For the Member of Parliament (MP) for Okaikoi Central, Patrick Boamah, who presented a statement on the floor of the house to mark the day, he said: “It is incumbent on the nation to improve on its disaster management efforts and also resource entities tasked with such responsibilities [to forestall any disasters].”

However, government is confident a disaster of such huge magnitude will not befall the country again. According to Deputy Local Government Minister, Emmanuel Agyekum, government has constructed enough drains to ensure steady flow of water during the rains. He told Class FM’s parliamentary correspondent Ekow Annan that he “thinks the city authorities are doing very well”.

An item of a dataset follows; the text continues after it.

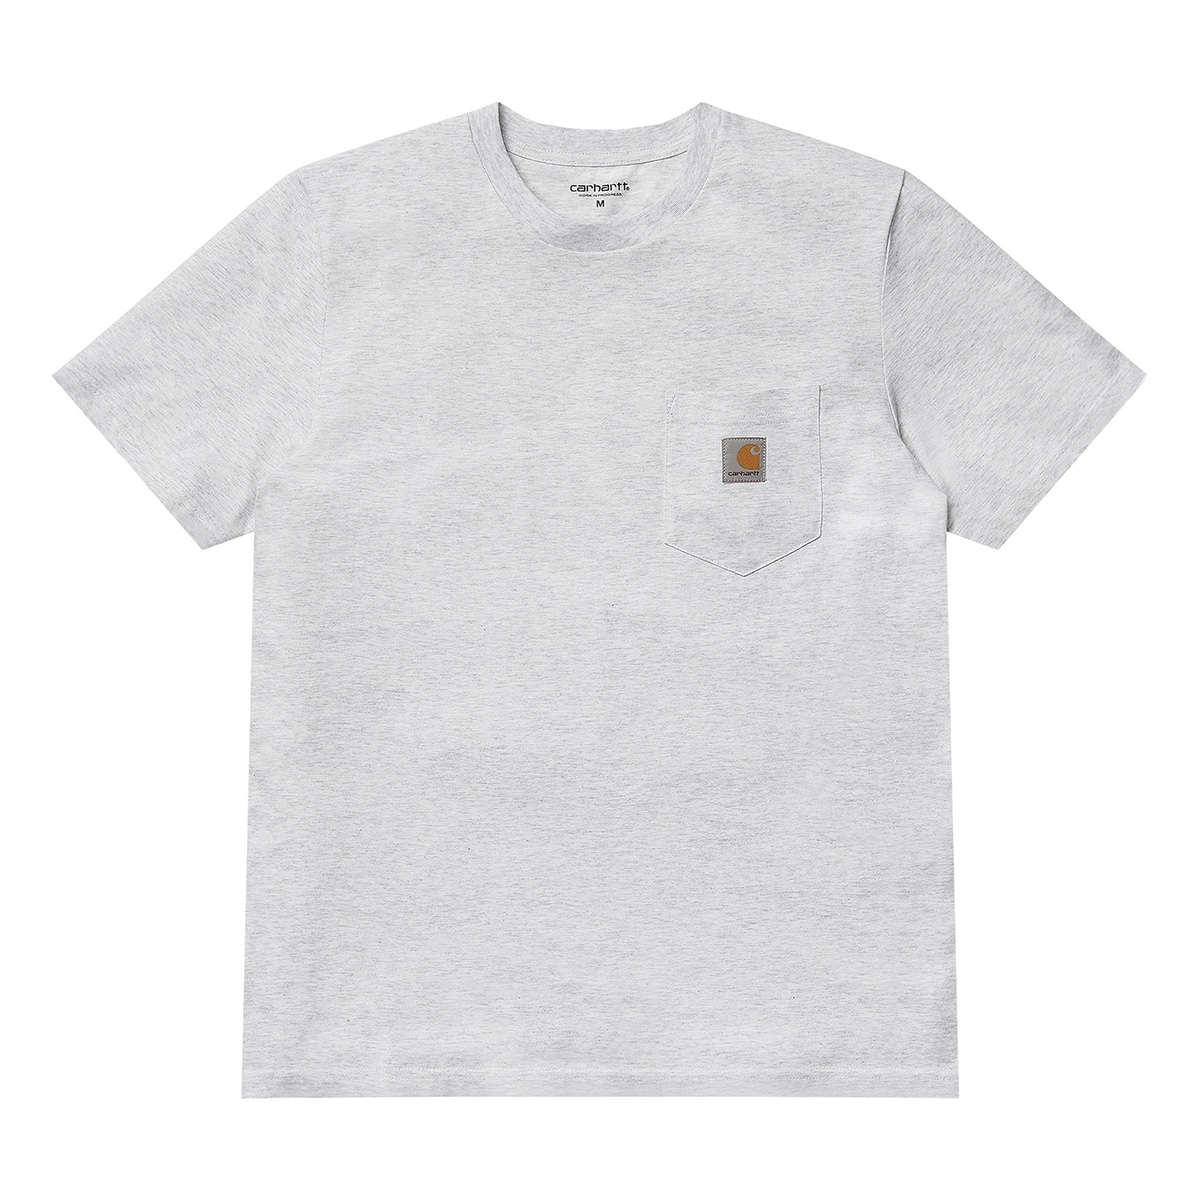 T-shirt Carhartt WIP Gris chiné (heather grey) homme

“It could happen that there are few things to be done but generally it has been good. I strongly believe that we will not have such an experience again,” Mr Boamah added.

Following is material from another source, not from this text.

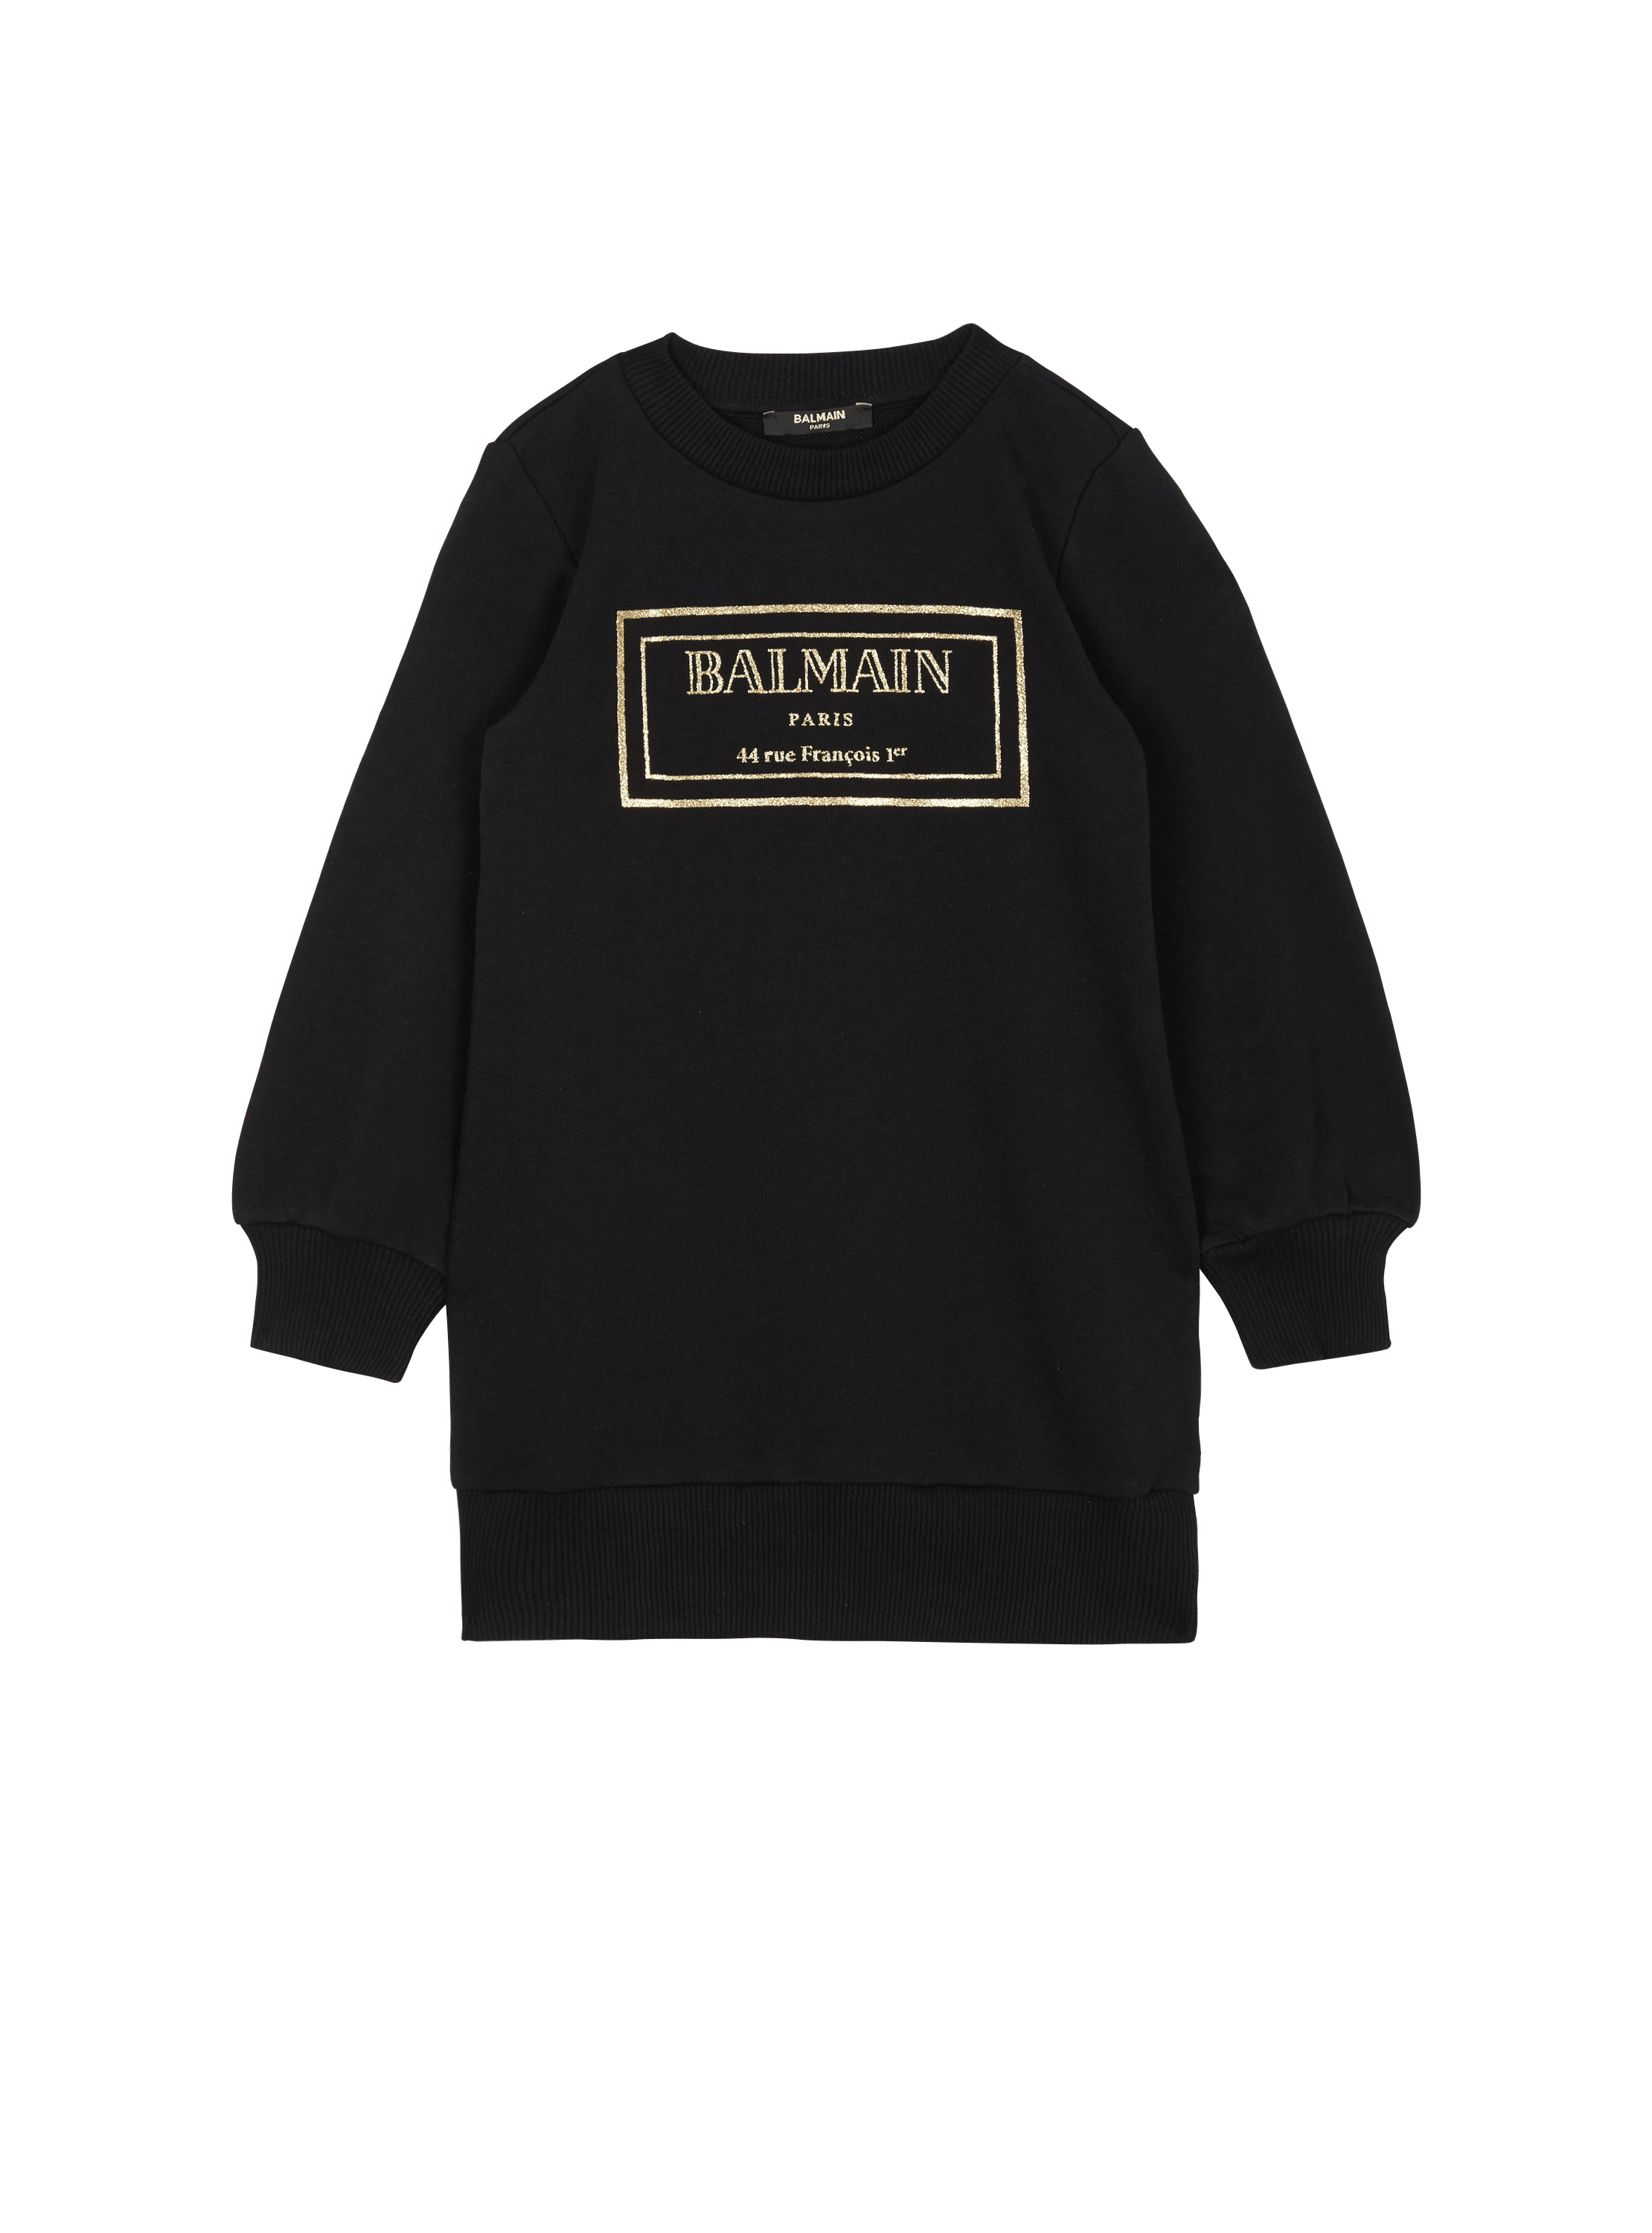 Balmain Paris sweatshirt dress - Child | BALMAIN

But MP for Tano North Freda Prempeh was not convinced about government’s efforts. Sharing her near-death personal experience at the Kwame Nkrumah Circle last year, she challenged the authorities to double their efforts towards addressing the perennial flooding associated with the rainy season experienced in the country.

“I went to [Kwame Nkrumah] Circle yesterday [June 2] to find out if we have been able to do something, but, Mr Speaker, the gutters are still choked. The gutters are not being desilted. What lessons have we really learnt from this disaster?” she asked.

“We are not constructing primary and secondary drains, we are not constructing storm drains and even peripheral drains, we are not doing. What is the guarantee that this thing [flood disaster] will not happen again?

“Today, if it rains as it did last year I am sure we will face a similar disaster. June 3, I was going to my constituency and when we got to the VIP station around [Kwame Nkrumah] Circle, it started raining heavily, so we had to park and wait. I insisted that we go and park at the filling station where the incident occurred but my driver, for once, said no. He said we should park at the VIP terminal. After some hours I insisted that we should continue the journey but he was adamant. When he was just about to start the car four of the VIP buses blocked the way so we could not manoeuvre to exit. It was raining heavily and the water was up to the mirror level and we could not do anything. He gathered courage and broke the glass, swarm to the other side, and called some of the other drivers to help me swim to a safer place. I just thank God that we did not go and park at the Goil Filling Station that day,” she added.

A solemn ceremony in remembrance of the persons that perished was held at the Rev. Ernest Bruce Memorial Methodist Church at Adabraka in Accra near the Kwame Nkrumah Circle.

President John Dramani Mahama also led government officials in a wreath-laying ceremony at the site where the disaster occurred.